Let $f_n$ be a sequence of measurable functions which converge in measure to a function $f$. My first question is, is $f$ itself necessarily measurable?
Now suppose that $|f_n| \leq |g|$ for some integrable function $g$. How do we argue that $|f-f_n|$ is integrable? If $f_n$ converged pointwise to $f$, then we would also have $|f| \leq |g|$, so that $|f- f_n| \leq 2 |g|$, but we can't do that here. The textbook I'm using is Royden, by the way.

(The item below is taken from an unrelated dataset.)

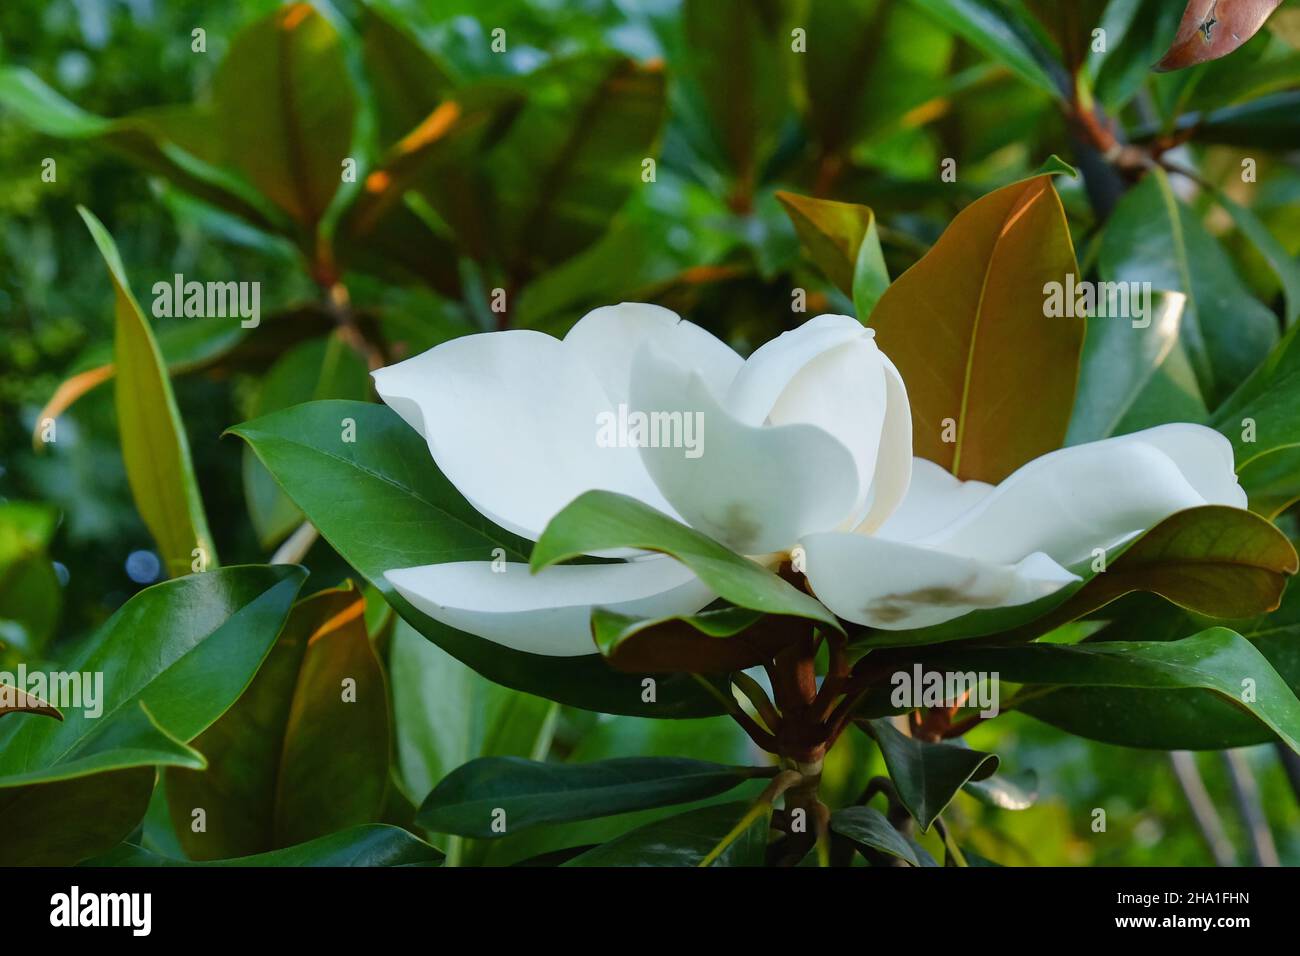 Evergreen ornamental tree, Southern Magnolia Grandiflora with amazing huge white creamy flower and large Stock Photo

Yes the limiting function is measurable. To prove this, show that convergence in measure implies convergence almost surely along a subsequence. Then use the fact (or reprove easily) that almost sure convergence implies measurability. As a hint, recall that you would need to show $\{x: \ f(x)\leq t\}$ is measurable for each $t$. If you focus on the set $A$ where $f_n(x)$ converges to $x$, then then you can write $\{x: \ f(x)\leq t\}$ as $\cap_n \{x: f_n(x)\leq t\}$ plus some measure 0 set.
To se that $|f-f_n|$ is integrable, use triangle inequality: $|f-f_n|\leq |f|+|f_n|\leq |f|+|g|\leq 2|g|$, where the r.h.s. is integrable. You are using the fact that if $|f|\leq |g|$, where $|g|$ is integrable, then so is $f(x)$ (assuming both are measurable of course).